Res Ipsa Loquitur (Proof of Negligence)
Though, as a general rule, the plaintiff has to discharge the burden of proving negligence on the part of the defendant, there are, however, certain cases when the plaintiff need not prove that and the inference of negligence is drawn from the facts. There is a presumption of negligence according to the Latin maxim ‘res ipsa loquitur’ which means the thing speaks for itself. In such a case, it is sufficient for the plaintiff to prove accident and nothing more. The defendant can, however, avoid his liability by disproving negligence on his part (rebuttal of the presumption of negligence).
(1) The maxim is not a rule of law. It is a rule of evidence benefiting the plaintiff by not requiring him to prove negligence (because the true cause of accident may lie solely within the defendant’s knowledge). It is a commonsense approach, not limited by technical rules.
(2) The maxim applies when- (i) the injurious agency was under the management or control of the defendant, and (ii) the accident is such as in the ordinary course of things, does not happen if those who have the management use proper care.
(3) The rule in Rylands v Fletcher is not an illustration of the mere principle of res ipso loquitur.
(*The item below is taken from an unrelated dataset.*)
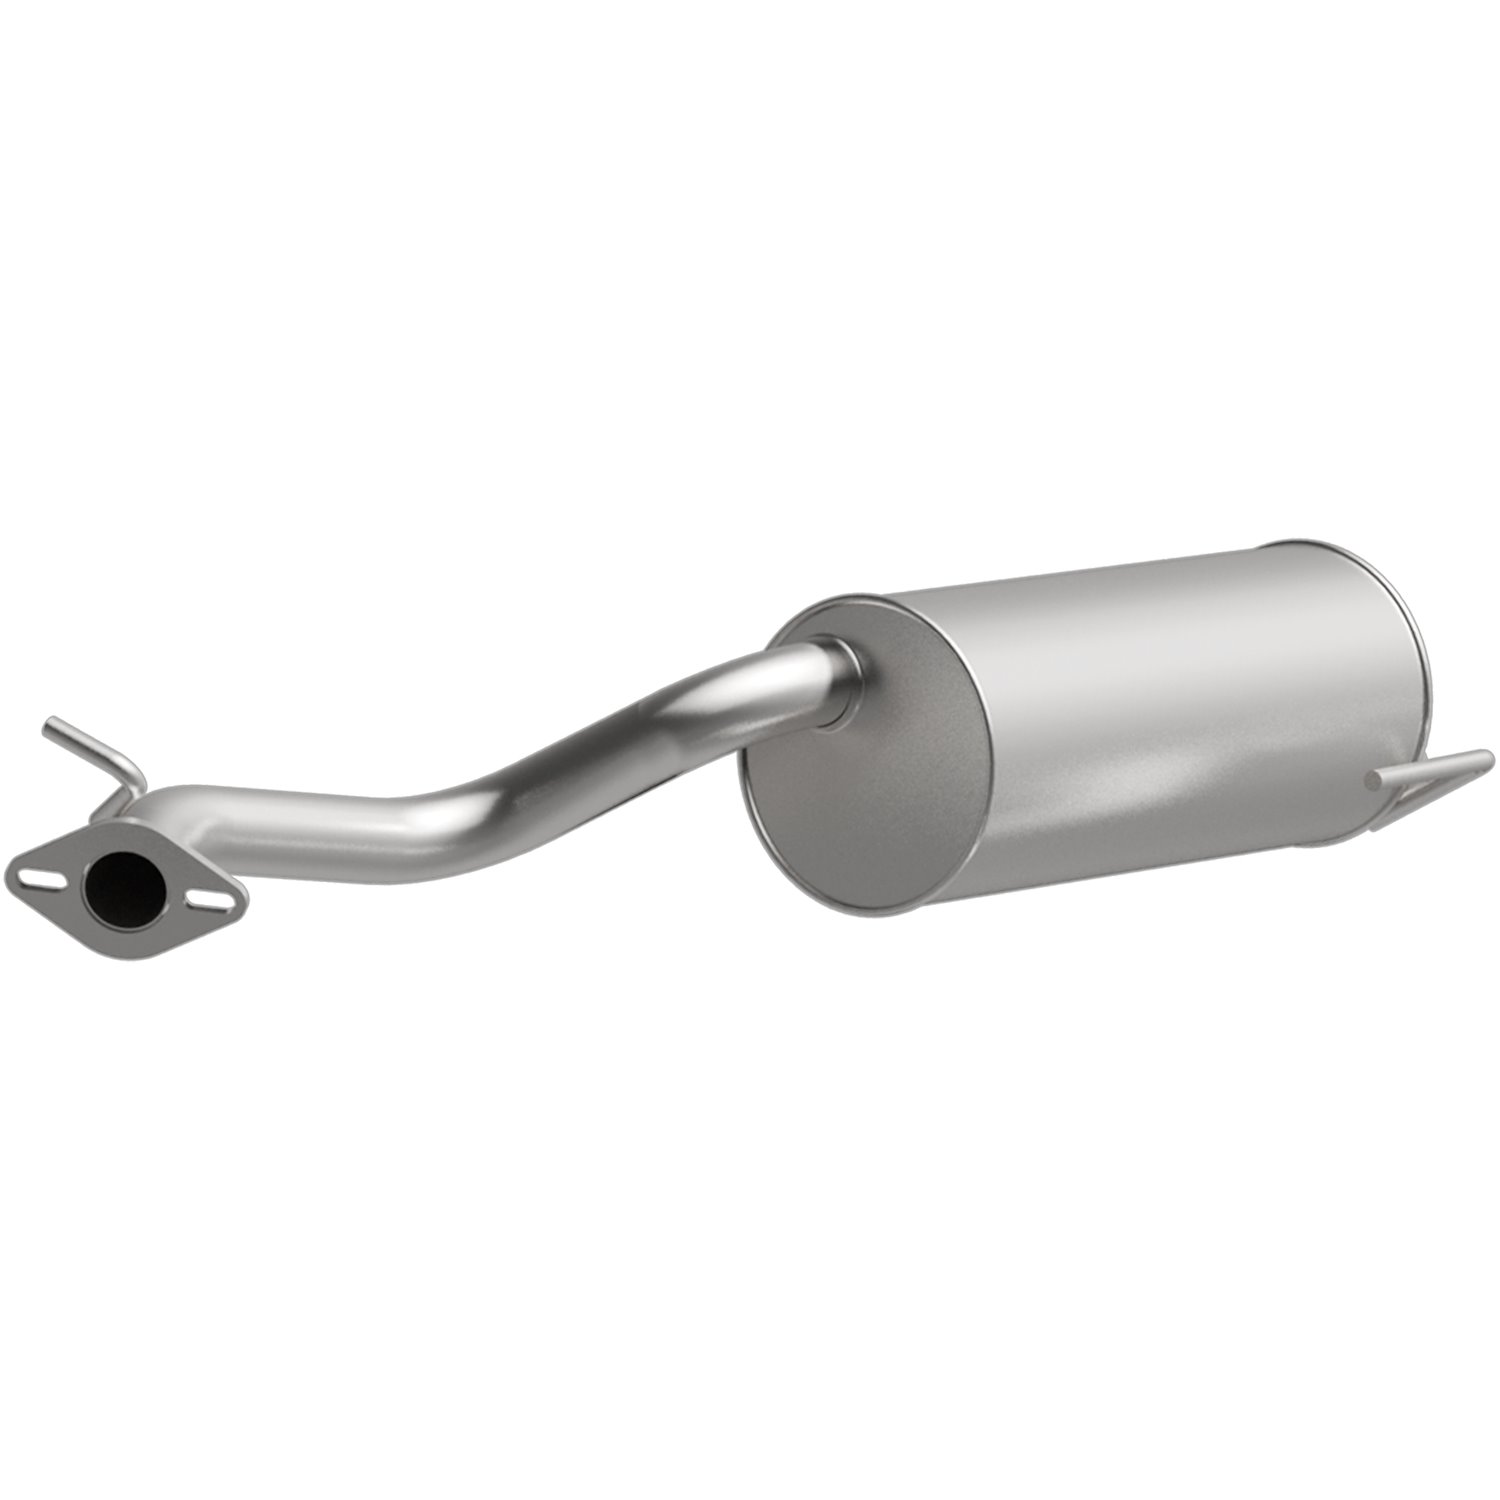 Direct-Fit Exhaust Muffler, 2000-2004 Subaru Legacy/Outback 2.5L

The liability arising out of the principle can be repelled by proof that the defendant was not negligent, whereas under the Rylands rule it is no defence to say that defendant took every possible precaution to prevent the escape of the injurious thing.
(4) The principle of res ipsa loquitur has no application where the circumstances in which the accident has taken place indicate that there must have been negligence but do not indicate as to who was negligent or when the accident is capable of two explanations. Also, the maxim does not apply when the facts are sufficiently known.
In Agya Kaur v Pepsu R.T.C. (AIR 1980 P & H 183), a rickshaw going on the correct side was hit by a bus coming on the wrong side of the road. The speed of the bus was so high that it, after hitting the rickshaw, also hit the electric pole on the wrong side. Held that from these facts the only inference, which could be drawn, was that the driver of bus was negligent. Where an advertisement banner attached to a frame overhanging the road fell by a wind velocity of less than 27 miles per hour, the defendant is clearly negligent, and the maxim is applicable to the case (Manindra Nath Mukherjee v Mathura Das AIR 1946 Cal 175).
If a brick falls from a building and injures a passer-by on the highway, or the goods while in the possession of a bailee are lost, or a stone is found in a bun, or a bus going on the road overturns, or death of a person is caused by live broken electric wire in a street, or portico of a newly constructed hospital building falls down and results in the death of a person, a presumption of negligence is raised.
In Municipal Corpn., Delhi v Subhagwanti (AIR 1966 SC 1750), due to the collapse of the Clock Tower situated opposite to Town Hall in the main bazar of Chandni Chowk, Delhi, a number of persons died. The Clock Tower belonged to the Municipal Corporation of Delhi and was exclusively under its control. The Supreme Court explained the legal position as: “There is a special obligation on the owner of the adjoining premises for the safety of the structures which he keeps beside the highway. If these structures fall into disrepair so as to be of potential danger to the passer-by or to be a nuisance, the owner is liable to anyone using the highway that is injured by reason of the disrepair. In such a case it is no defence for the owner to prove that he neither knew nor ought to have known of the danger. In other words, the owner is legally responsible irrespective of whether the danger is caused by a patent or latent (hidden) defect.”
In a recent case- Rajkot Municipal Corpn. v Manjulben Jayantilal Nakum (1997) 9 SCC 552, the deceased while walking on the footpath of a public road was struck by a roadside tree suddenly felling on him in a still weather condition resulting in his death. The damages were claimed from the municipal corporation. The Supreme Court held: “When the defendant was not in know of the discoverable defect or danger and it caused the damage by accident like sudden fall of tree, it would be difficult to visualise that the defendant had knowledge of the danger and omitted to perform the duty of care to prevent its fault. Further, the conditions in India have not developed to such an extent that corporation can keep constant vigil by testing the healthy condition of the trees in public places. roadsides, highways frequented by passers-by.” Thus, it was held that the corporation is not liable for damages.